MASSLIVE (February 24, 2022) — Great Britain’s top diplomat to New England introduced himself saying the Springfield Armory — built 245 years ago to resist British military advances — established manufacturing in the Pioneer Valley.

And that expertise paved the way for Springfield to become the only place outside the U.K. where Rolls-Royces were made, said Peter Abbott, British Consul General in Boston. Rolls-Royce made cars here from 1919 to 1931.

“I think Rolls-Royce already blazed the way for British industry here in Springfield.
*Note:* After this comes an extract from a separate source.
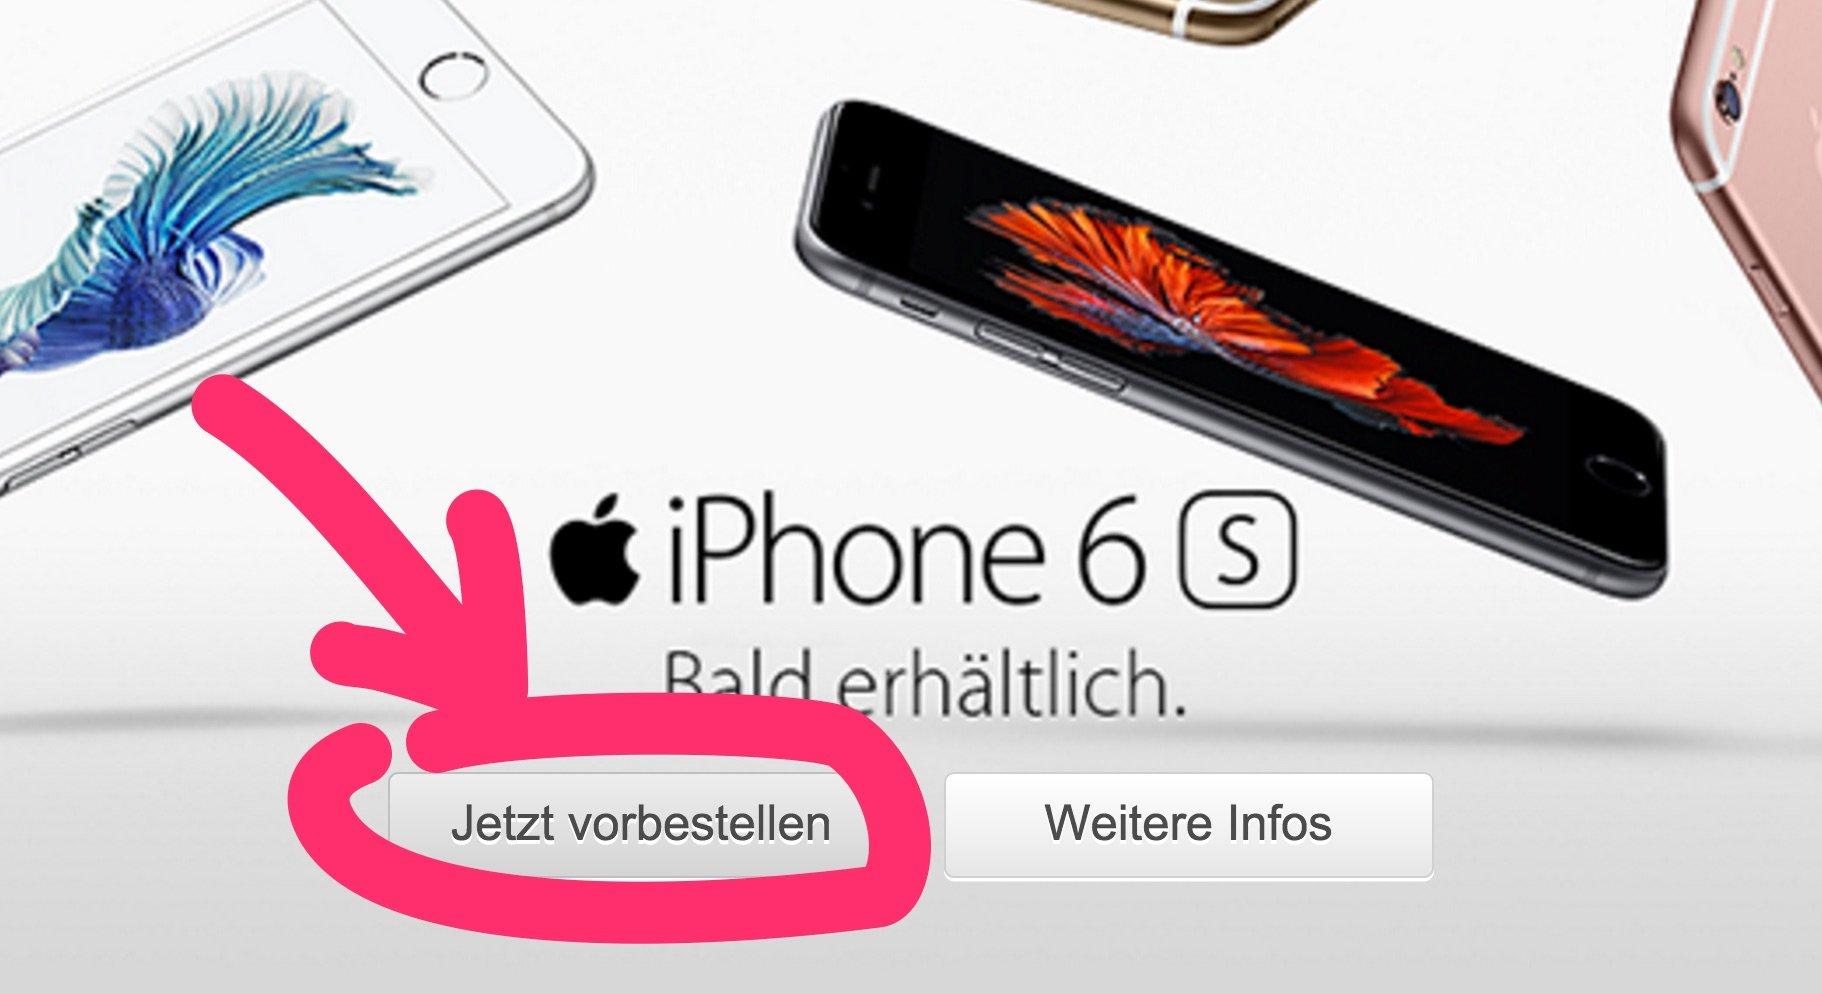 Iphone 6s Mit Vertrag Bei Vodafone Telekom O2

There has been a bit of a gap,” said Abbot on Wednesday during a tour of Springfield Union Station with Mayor Domenic J. Sarno and city economic development officials.
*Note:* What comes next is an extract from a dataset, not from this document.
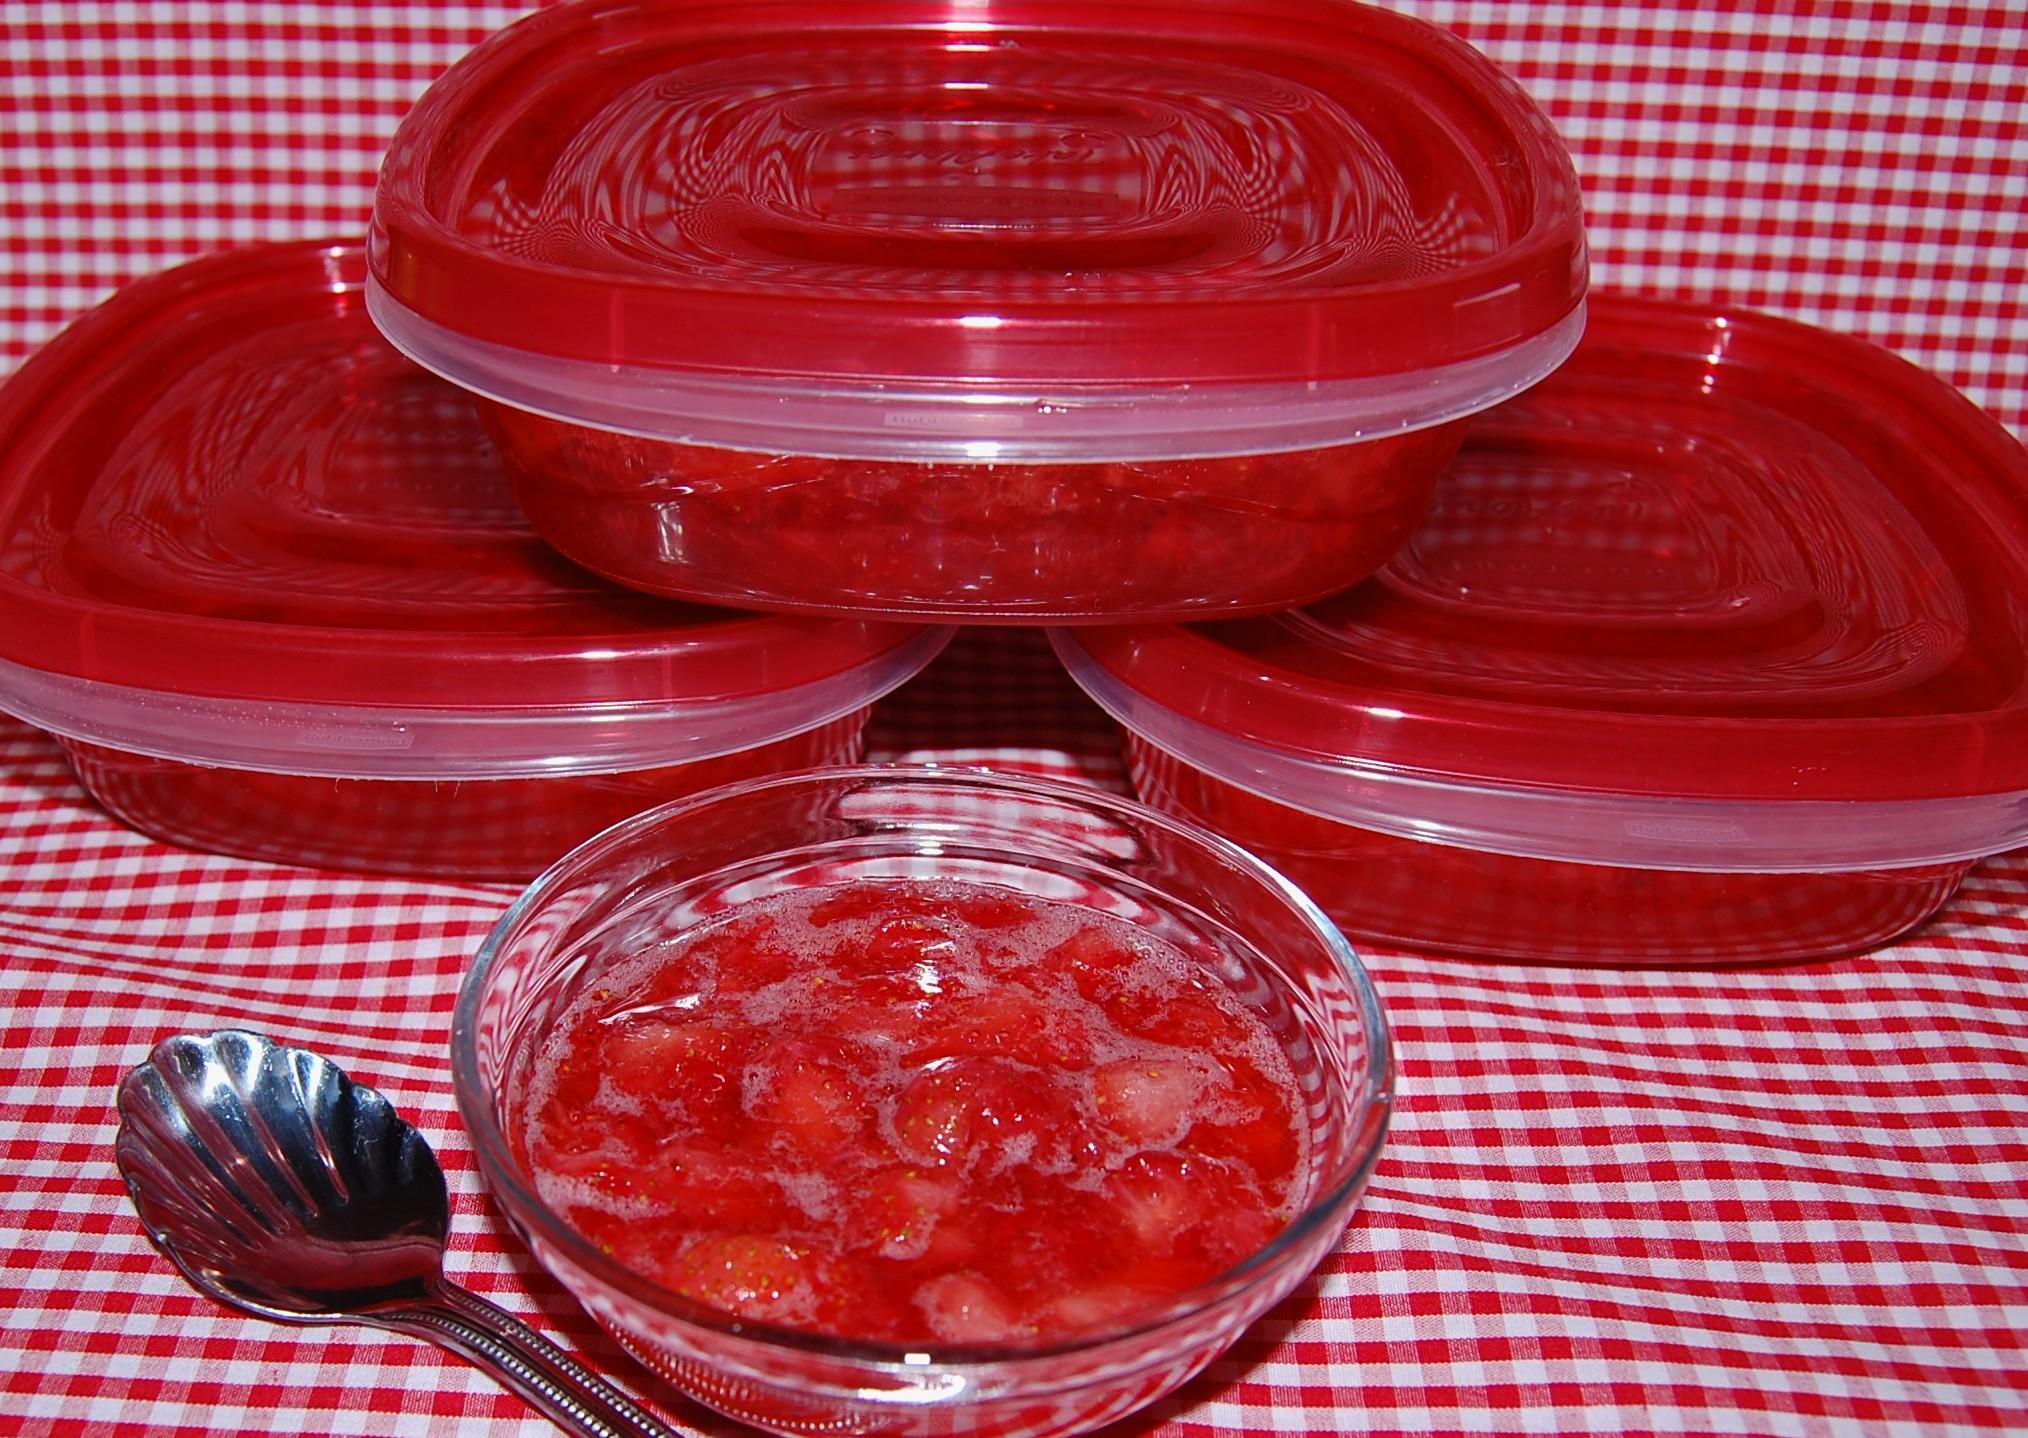 Sally's Strawberry Freezer Jam

Abbott also plans to meet at the Naismith Memorial Basketball Hall of Fame, and tour the Berkshires with a visit to Tanglewood on a two-day Western Massachusetts swing.

Because, as Abbott also laid out in an op-ed column that ran in the Sunday Republican on Feb. 20, places like Springfield, Pittsfield and Lynn have a lot in common with industrial cities in the UK. In the north of England, manufacturing left in the middle of the last century and jobs concentrated in London, just as job growth here has concentrated Boston.
“What we are looking to learn here is how the cities, the Gateway cities, in Massachusetts, have dealt with those challenges,” he said. “And whether there is a kind of a secret sauce of prosperity as we call it that we can learn from and take back to the UK.”
Abbot compared the British government’s Leveling Up policy aimed at reducing imbalances between different social groups or regions of the country and the Biden Administration’s Build Back Better plan.

The secret sauce, Abbot said, is a mixture of infrastructure, like Union Station, and trust built up between groups that engenders a willingness to take risks.

“And we have seen that in heaps here in Springfield,” he said.

The sauce also needs a bit of magic, Abbott said. And by magic he means the arts, culture, tourism.